If this “postmetaphysical” view of legitimacy is applicable to human societies, perhaps it is applicable in some hybrid human-posthuman dispensation in which not all the prospective members of the polity are human.  There are many different models of justification which fit with this approach. However, the model is inherently democratic. As Michael Walzer puts this, a political structure must be acceptable to those who live under it because of “who they are” not because of what they know or what they can do (Walzer 2003: 365).

However, purging political language of metaphysical elements is tenable only where the nature of the participants is not at odds with the communicative demands of democracy and shared governance. This implies, as Meacham writes: “[That] species recognition and disconnection are relevant to the understanding of intersubjectivity in general.” Establishing and arbitrating intersubjective norms require a community of beings sufficiently alike that dialogue among them is not significantly burdensome or risky. Thus a disconnection could undermine the intersubjective unity of the human community if the burdens of interpretation or radical interpretation became significant.

This has serious consequences for a democratic conception of Accounting. We can envisage a select band of intrepid Posthuman Accountants who act like technological food tasters. Their role would to test the effects of disconnection-potent technologies and summarise the results for the public, allowing them to make informed decisions about potentially disruptive technologies.

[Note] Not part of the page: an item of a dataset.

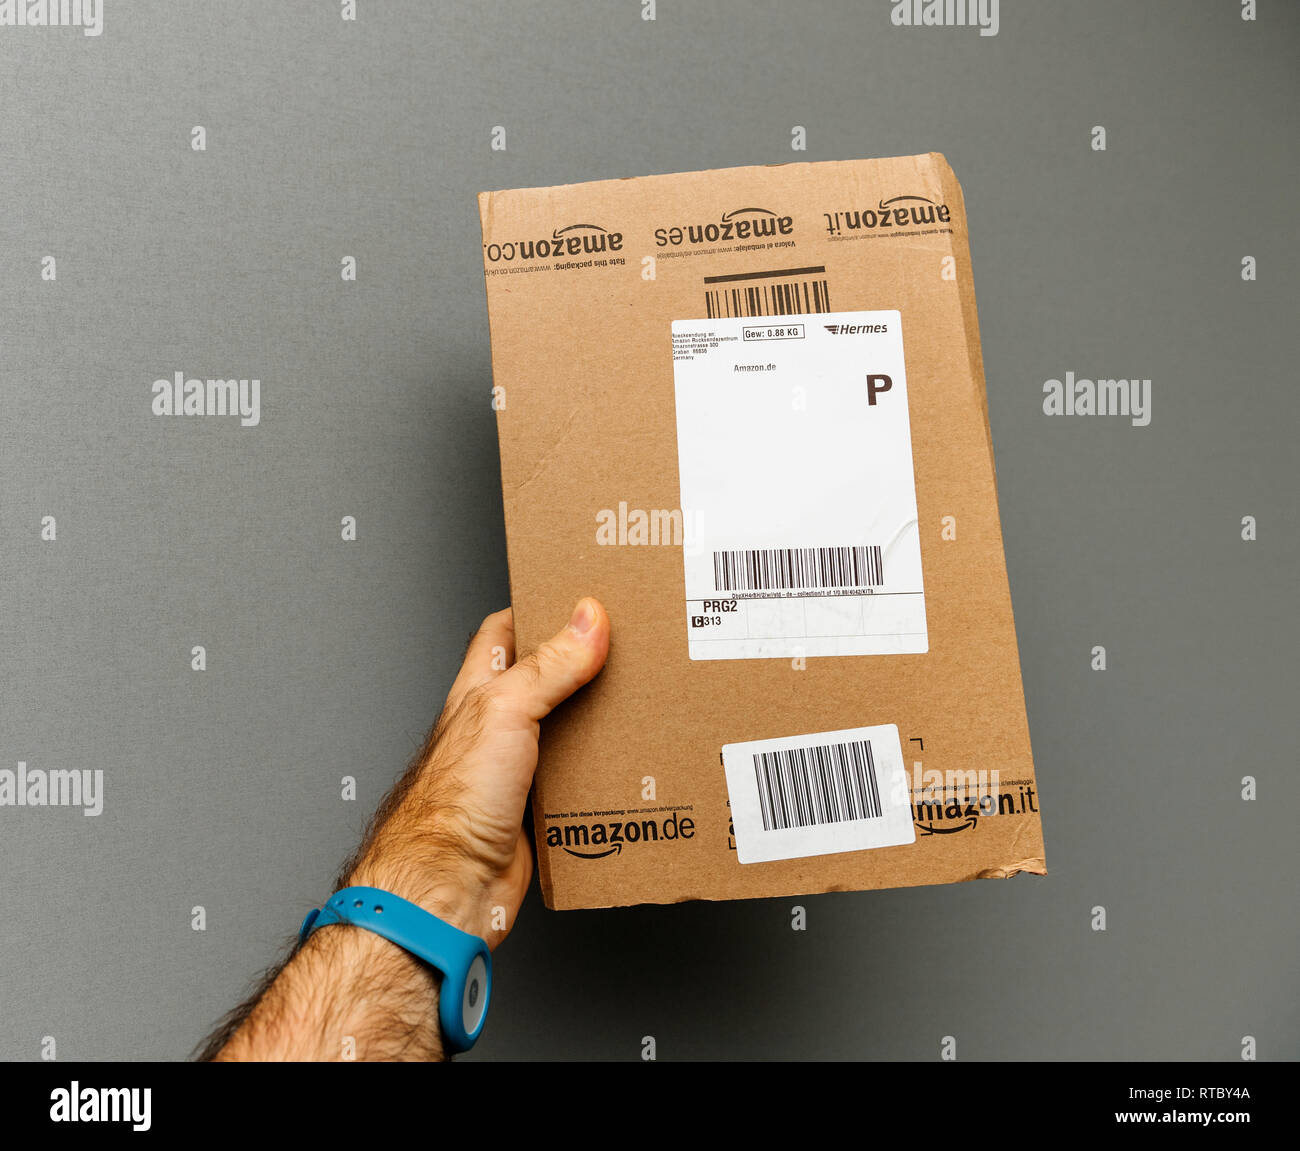 PARIS, Frankreich, 30. Oktober 2017: Mann hält Amazon Deutschland Hermes  prime Karton Lieferung gegen grauer Hintergrund Stockfotografie - Alamy

Given the principled difficulties involved in leak-proof testing and the limitations on control implied by New Substantivism, the democratic model of Accounting sketched is self-undermining. Any posthuman experimentation that could contribute to an understanding of emergent behaviours or modes of life post-disconnection would also increase the disconnection-potential of the technological system as the associated technologies iterated across its communication networks (sections 5.6 and 7.4).

Democratic Accounting would override the democratic process it is intended to inform. Even allowing for interpretability in principle, the results might fail the publicity test since only posthumans or near-posthumans might be in positions to understand them. Thus the composition of the community that deliberates on the posthuman would be put in doubt by the very attempt to deliberate upon it. There can be posthuman Accounting only if, pace Walzer, we do not know who can participate in it.”



Habermas, J. 2005. The Future of Human Nature, Rehg, W., Penksy, M. & H Beister, (trans). London: Polity.

Meacham, D., 2014. Empathy and alteration: The ethical relevance of a phenomenological species concept. Journal of Medicine and Philosophy, 39(5), pp.543-564.

Ramberg, B. T. 1989. Donald Davidson’s Philosophy of Language: An Introduction. Basil Blackwell.

Walzer, M. 2003. “Philosophy and Democracy.” Debates in Contemporary Political Philosophy: 361. Warren, M. A. 1973. On the moral and legal status of abortion. The Monist,57(1), 43-61.